W drugim (większym) pojemniczku (u mnie odkażona szklanka) odmierzamy odpowiednie ilości składników fazy B - wodnej. Sok z truskawki uzyskałam rozgniatając 6 świeżych truskawek tłuczkiem do ziemniaków, następnie przecedziłam go przez gazę, odmierzyłam 7 ml i dodałam do 25 ml hydrolatu ze słodkiej pomarańczy (który kompletnie nie pachnie, co mnie zawiodło...). Następnie dodajemy po 2 ml wit. B5, B3 oraz ekstraktu z malin i granatu. Fazę C na razie zostawiamy w spokoju.
Robimy łaźnię wodną (wlewamy do sporego garnka 3 cm wody, gotujemy, po zagotowaniu do większego garnka wkładamy mniejszy - tak, aby nie dotykał wody, można użyć także metalowego durszlaka) i w tym mniejszym garnku (durszlaku) podgrzewamy nasze fazy do temp. ok 60 stopni.
Gdy fazy nam się podgrzeją wyjmujemy je z łaźni, po czym powoli dodajemy fazę olejową do wodnej cały czas mieszając np. spieniaczem do mleka (tani i przydatny gadżet, ja swój kupiłam w Empiku na wyprzedaży za jakieś 2,50 zł). Dokładnie miksujemy zawartość tuż pod powierzchnią, czasem schodząc głębiej. Robimy to dopóki nasza mieszanina nie przestygnie. Dopiero wtedy dodajemy fazę C, czyli dodatki: konserwant i kwas hialuronowy, następnie ponownie mieszamy.
Przelewamy do pojemniczka na gotowy kremik. Czekamy aż fazy się trwale zwiążą. pH wyszło idealne, ok. 5,5 - 6.
Jeżeli nie lubicie lekkich musów czy raczej pianek można ustabilizować emulsję alkoholem cetylowym, którego ja osobiście unikam, ponieważ mnie zapycha, a nie o to mi chodzi i nie po to robię sama kremy, aby mi nie służyły :)
Mus:
Gotowy kosmetyk wyszedł mi bardzo, bardzo lekki i puszysty, napowietrzony. Kolor ma lekko wiśniowy, podobny do domowego soku truskawkowego, jaki robi moja mama :) Myślałam jednak, że będzie różowy, zwłaszcza, że dodałam ekstrakt z granatu. No cóż.

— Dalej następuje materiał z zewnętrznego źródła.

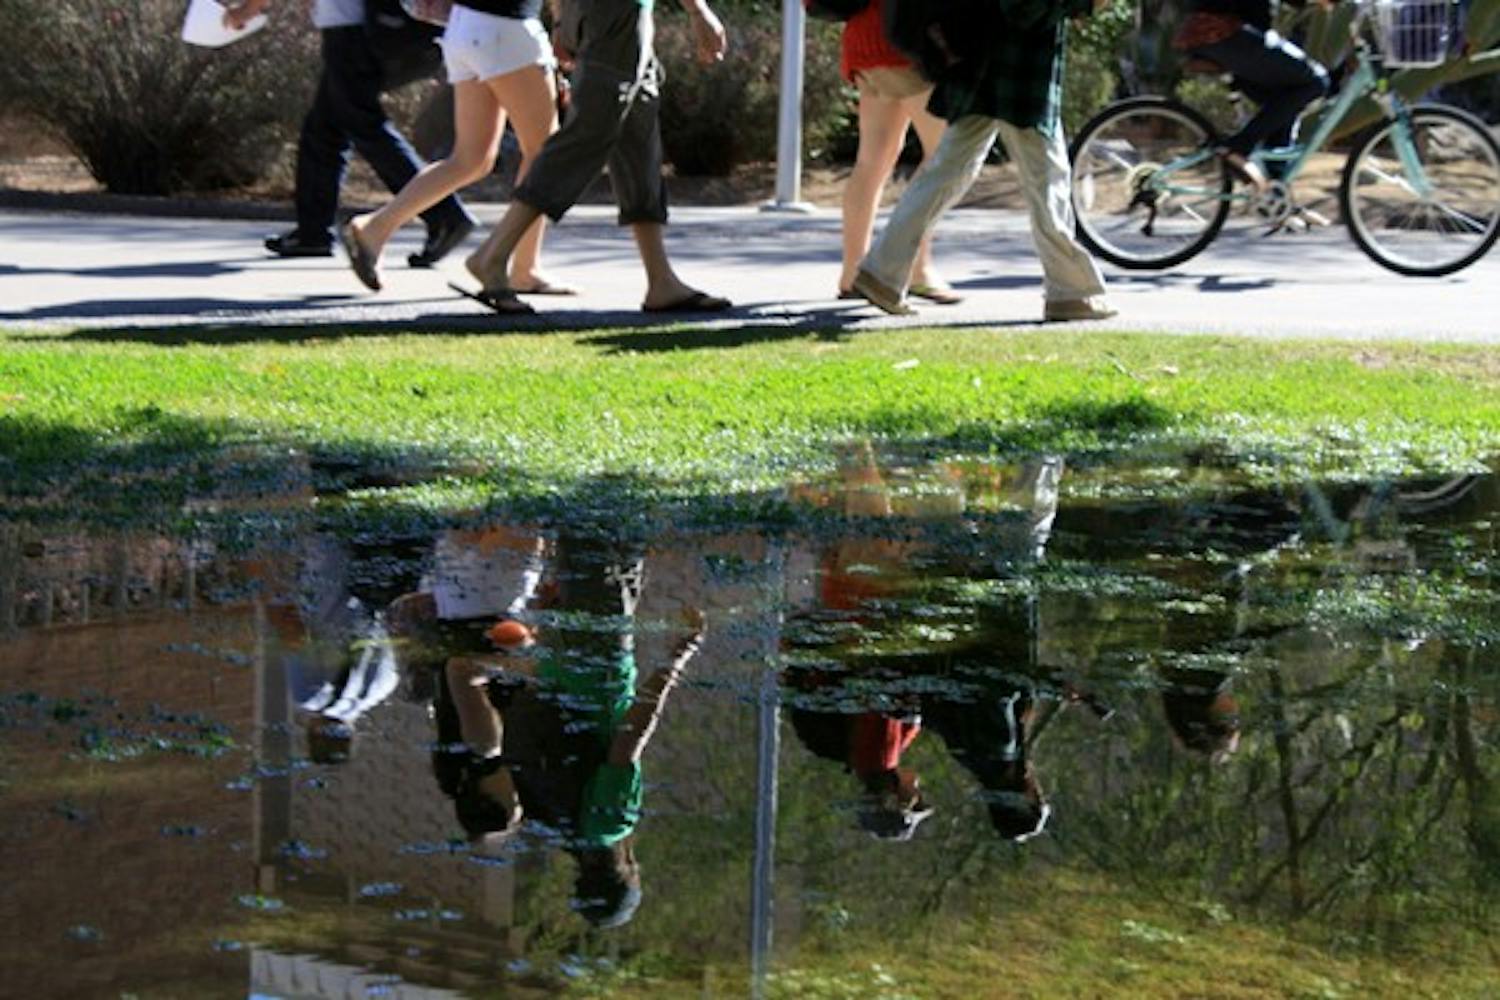 A puddle in the grass along Hayden Mall creates reflections of students walking and riding to class on the Tempe campus Monday afternoon. (Photo by Jessie Wardarski)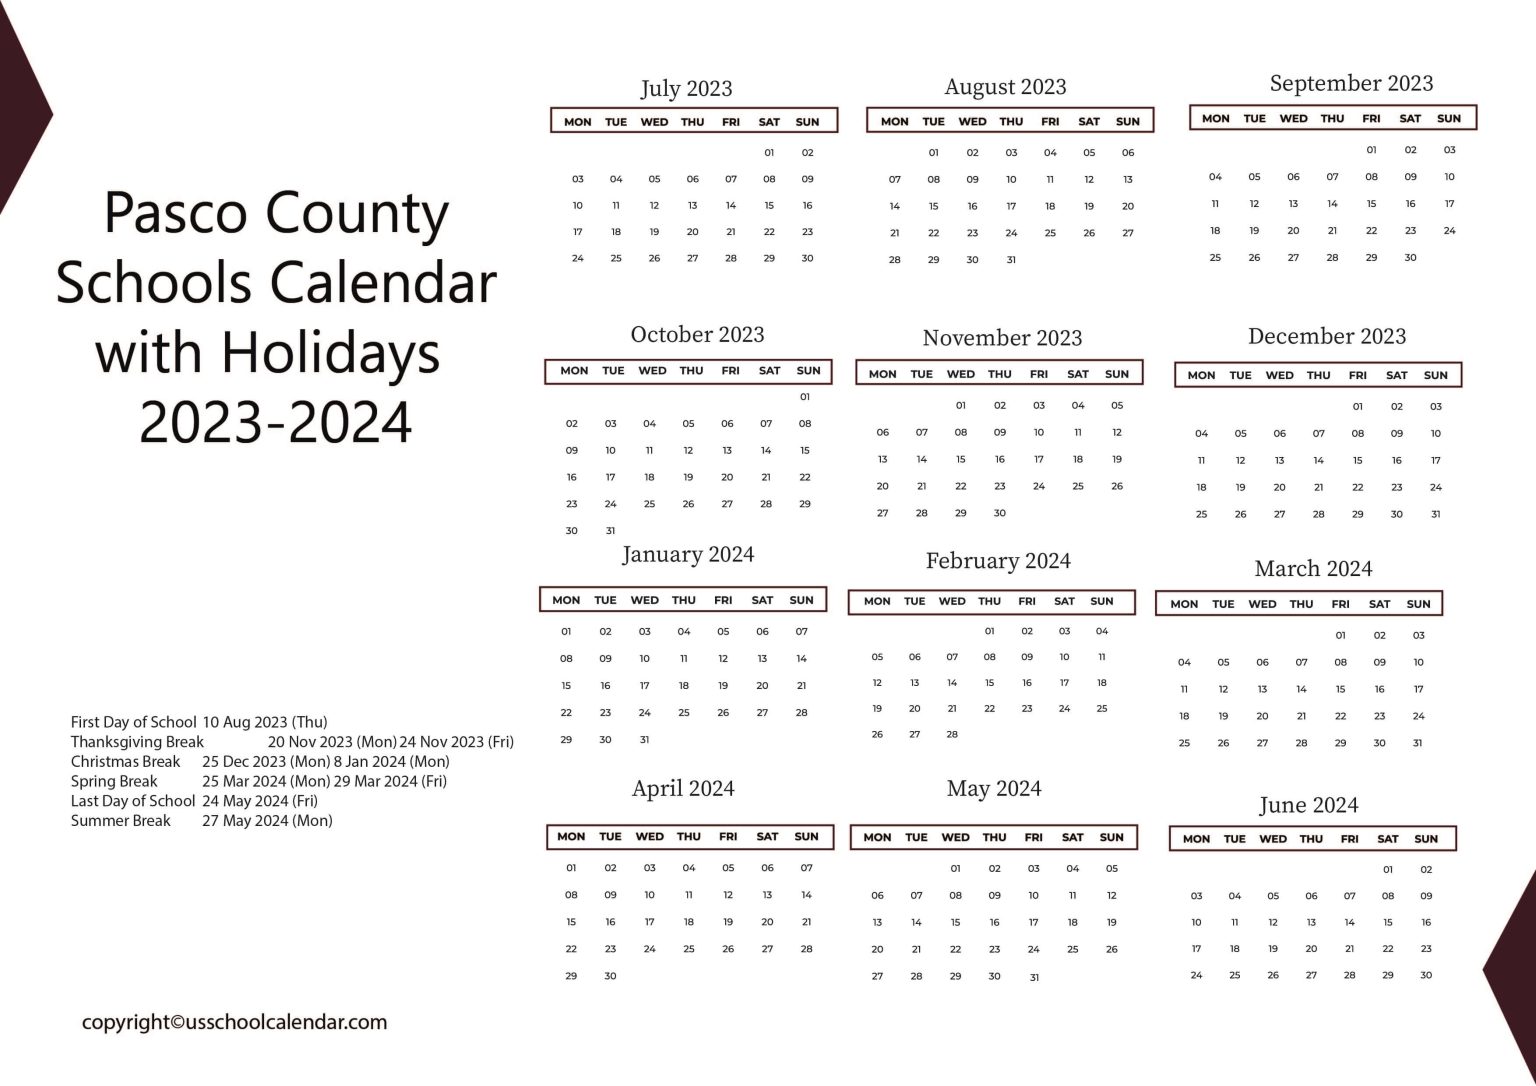 Pasco County Schools Calendar with Holidays 2023 2024

Zapach jest bardzo owocowy, najbardziej jednak wyczuwam tu truskawkę, lekko granat, pozostałych składników wcale nie czuję.
Przechowywanie:
Początkowo trzymałam go normalnie w łazience, jako że dodałam do niego konserwant. Niestety po kilku dniach mus się rozwarstwił, więc został porządnie wstrząśnięty i od tamtej pory trzymam go w lodówce. Myślę, że gdyby dodać więcej masła shea albo inny emulgator nie byłoby tego problemu. Zawsze można trzymać go w łazience i raz na jakiś czas wstrząsnąć.
Dlaczego takie składniki:
Macerat z fiołków: zrobiłam sama zalewając fiołki (niestety niepachnące, w odmianie białej) olejem z pestek brzoskwini. Macerat wyszedł mi bezwonny, delikatnie żółty, bardzo lekki i nie zostawiający tłustej warstwy na skórze. Macerat wygładza i rozjaśnia cerę, oczyszcza ją i zwęża pory. Idealny jest do cery tłustej, mieszanej, z rozszerzonymi porami i trądzikowej.
Masło shea: natłuszcza
i nawilża skórę. Sprawia, że skóra jest miękka i gładka. Przyspiesza
regenerację podrażnień i gojenie się ran. Tworzy na skórze delikatny
film chroniąc ją przed szkodliwymi czynnikami np. słońcem, wiatrem.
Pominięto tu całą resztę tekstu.